Aneurysmal (“Angiomatoid”) fibrous histiocytoma of the skin

Abstract

Seventeen cases are reported of a variety of cutaneous fibrous histiocytoma, which we have designated as aneurysmal (“angiomatoid”) fibrous histiocytoma. These lesions differ from the classical cutaneous fibrous histiocytoma in both their clinical presentation and pathologic features. Clinically, they may be larger than the usual cutaneous fibrous histiocytoma, are blue, black, or dark red, and have a cystic consistency. They are most commonly located on the extremities and may be associated with symptoms of pain and rapid growth. The clinical diagnosis of fibrous histiocytoma is seldom considered in the differential diagnosis, which may include malignant melanoma, hemangioma, neurofibroma, and nonspecific cyst. Histologically, the lesions are characterized by the presence of large, blood-filled tissue spaces, which, at times, account for up to one half their size. These spaces lack an endothelial lining, being surrounded and lined by histiocytes, many of which contain hemosiderin pigment, fibroblasts, and foam cells.

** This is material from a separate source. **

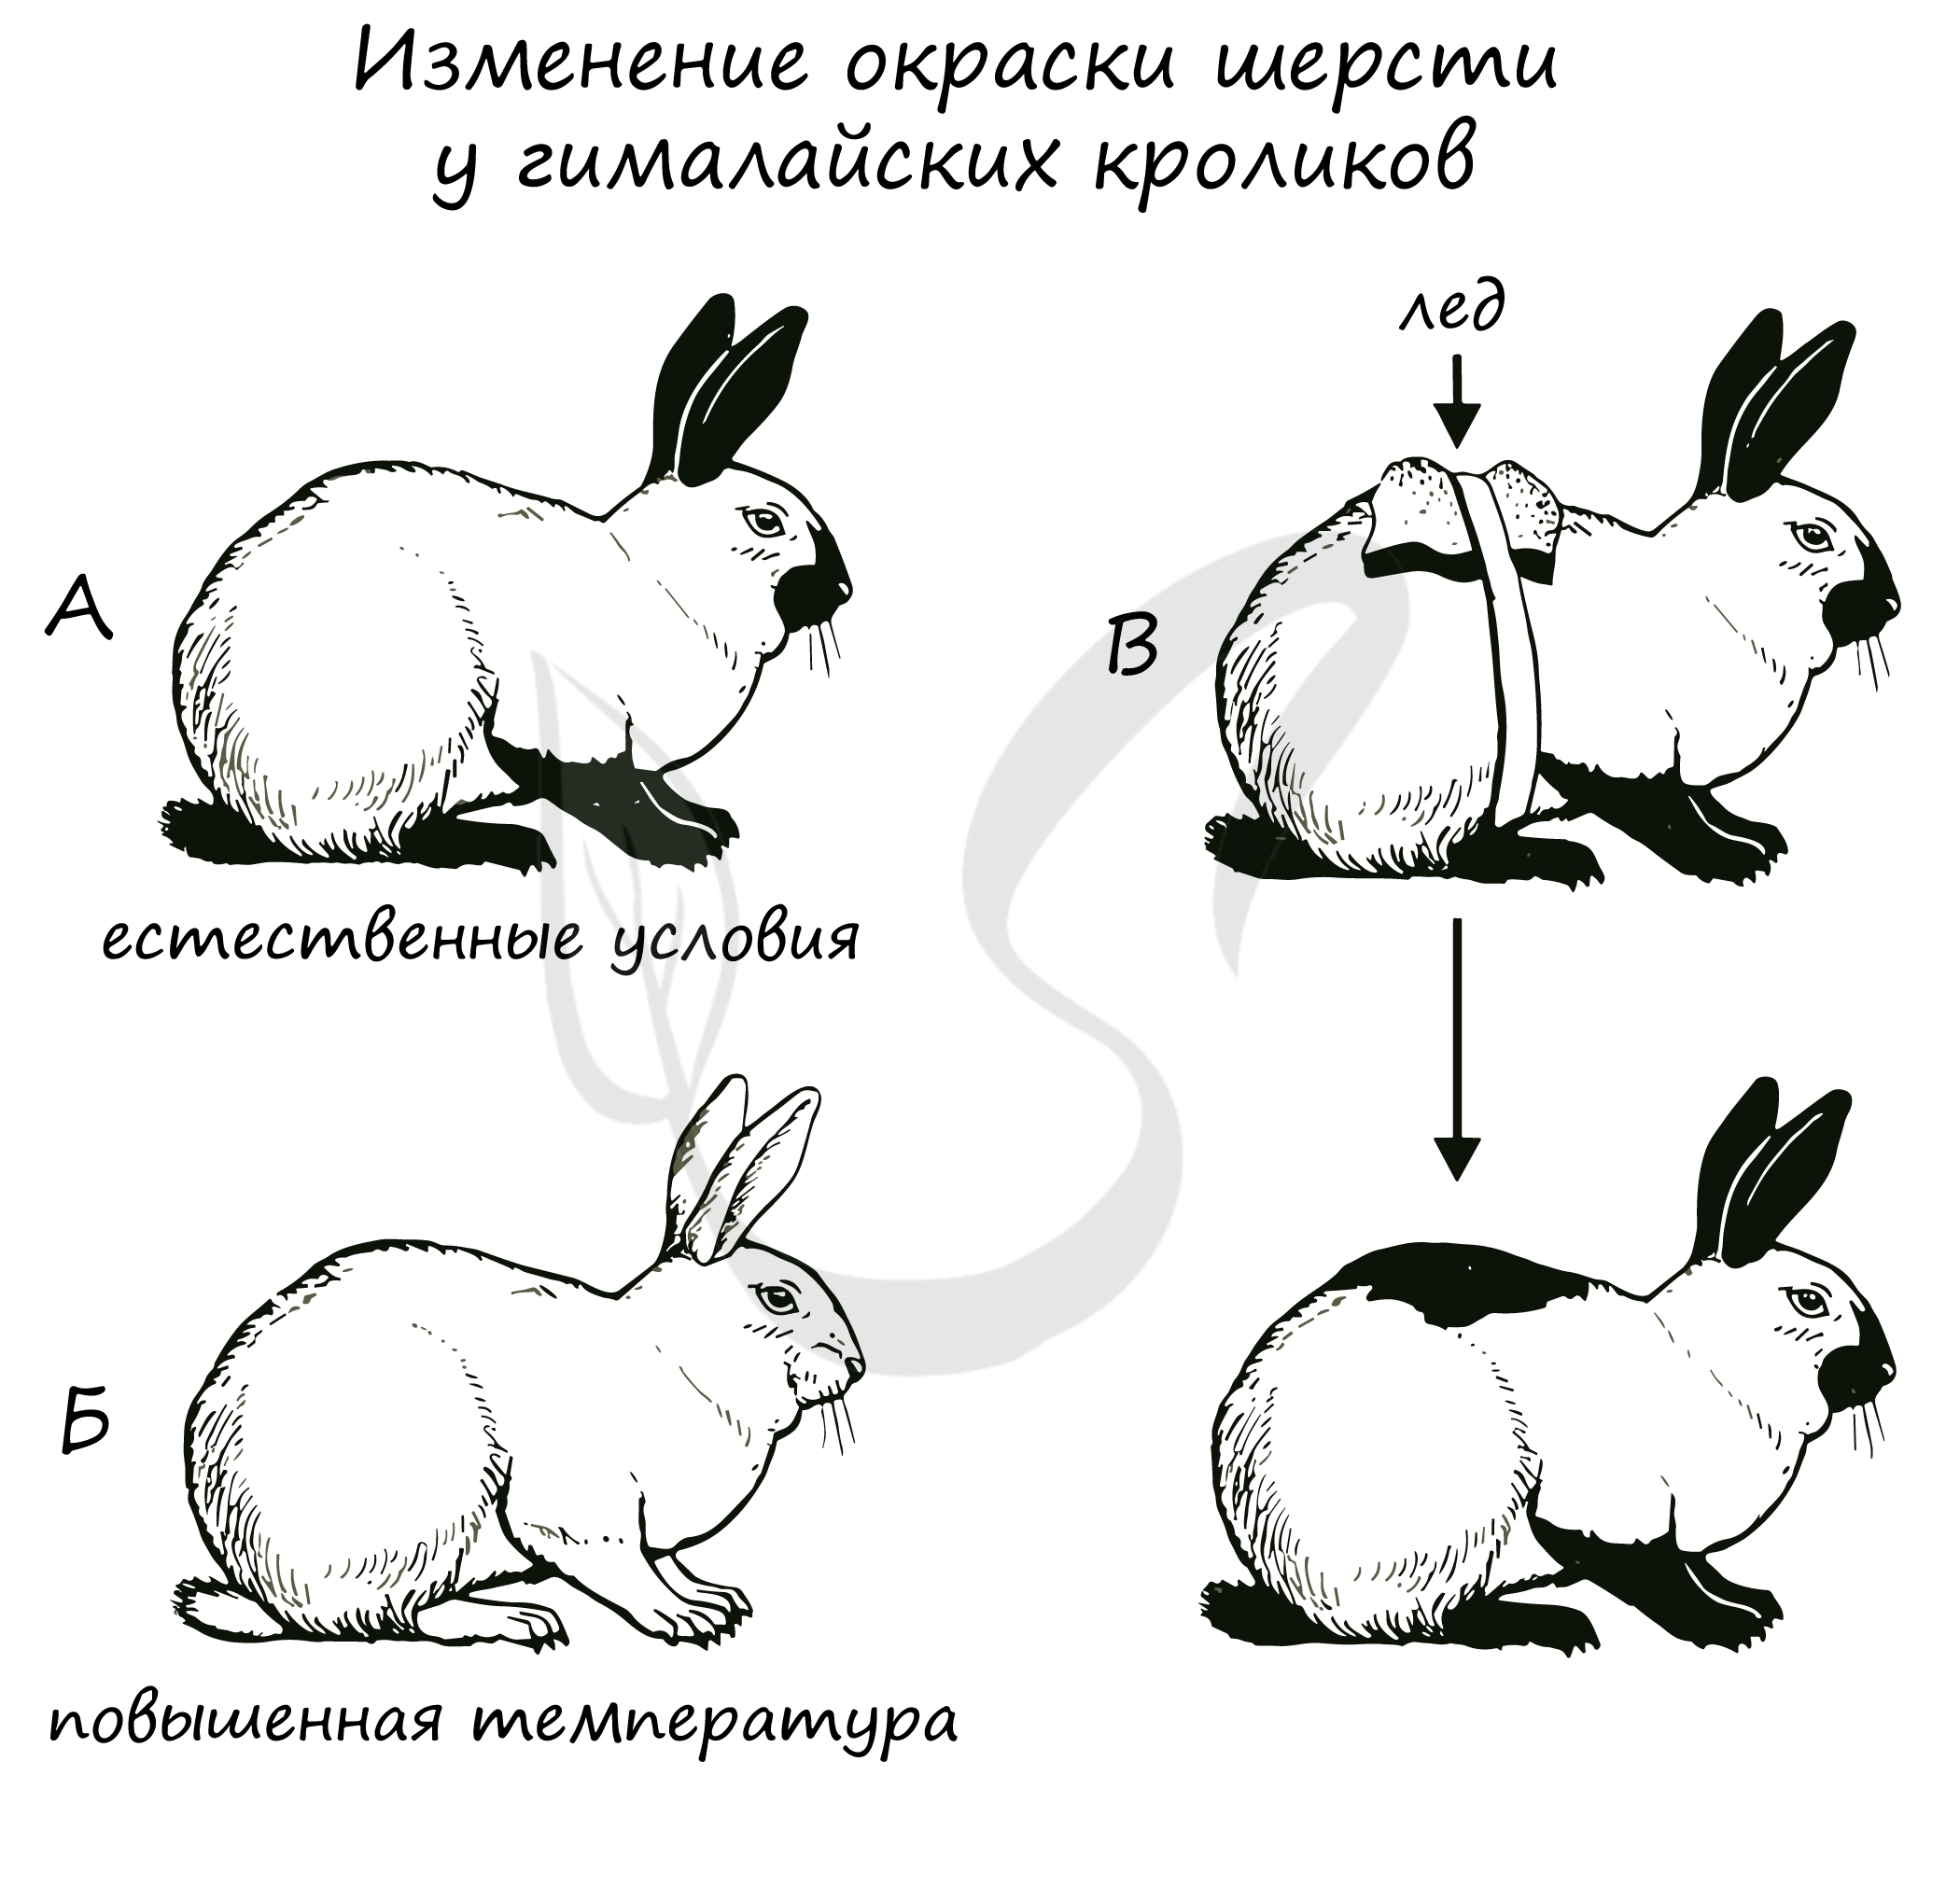 Шерсть гималайских кроликов. Гималайский кролик модификационная изменчивость. Изменение окраски гималайского кролика. Гималайский кролик опыт. Горностаевый кролик изменчивость.
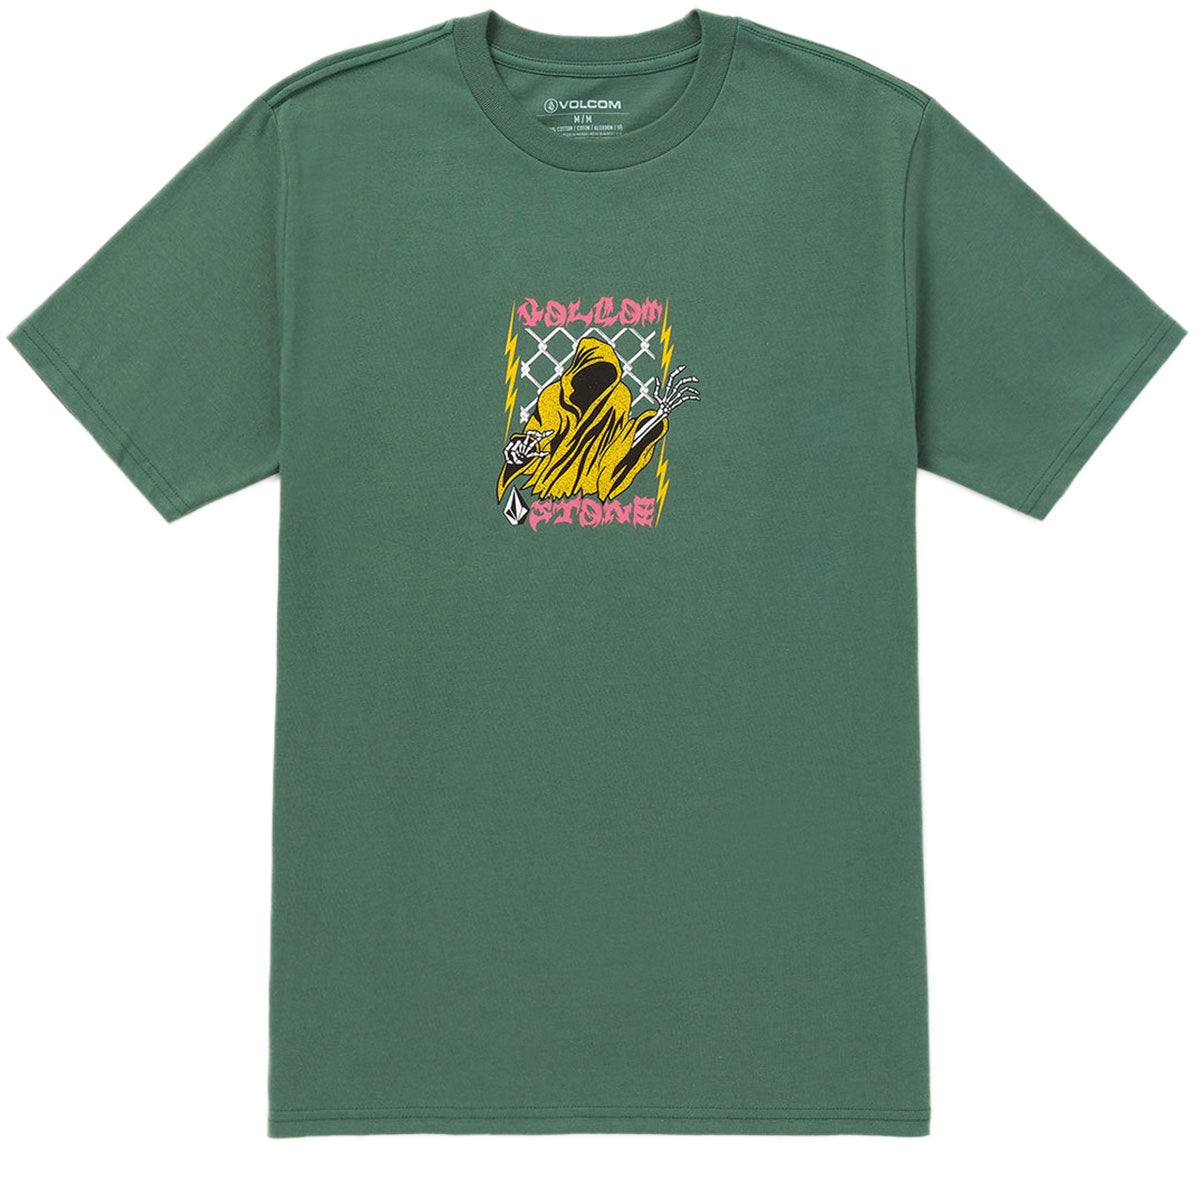 Volcom Thundertaker T-Shirt - Fir Green image 1

The solid portions of the tumor have the usual features of a cutaneous fibrous histiocytoma. This “angiomatoid” lesion is closely allied to what has been termed “hemosiderin histiocytoma,” which appears to be a precursor stage in its formation. The presence of extravasated erythrocytes in combination with a spindle-cell stroma may lead to an erroneous diagnosis of Kaposi's sarcoma. This cutaneous tumor has architectural and cytologic similarities to its malignant soft tissue counterpart recently described as angiomatoid malignant fibrous histiocytoma. However, unlike the latter, the cutaneous lesion is benign and lacks the prominent inflammatory infiltrate, pleomorphic appearance, and systemic manifestations of its soft tissue counterpart. The distinctive clinical and pathologic features of the cutaneous lesion serve to separate it as a specific variant of the cutaneous fibrous histiocytomas.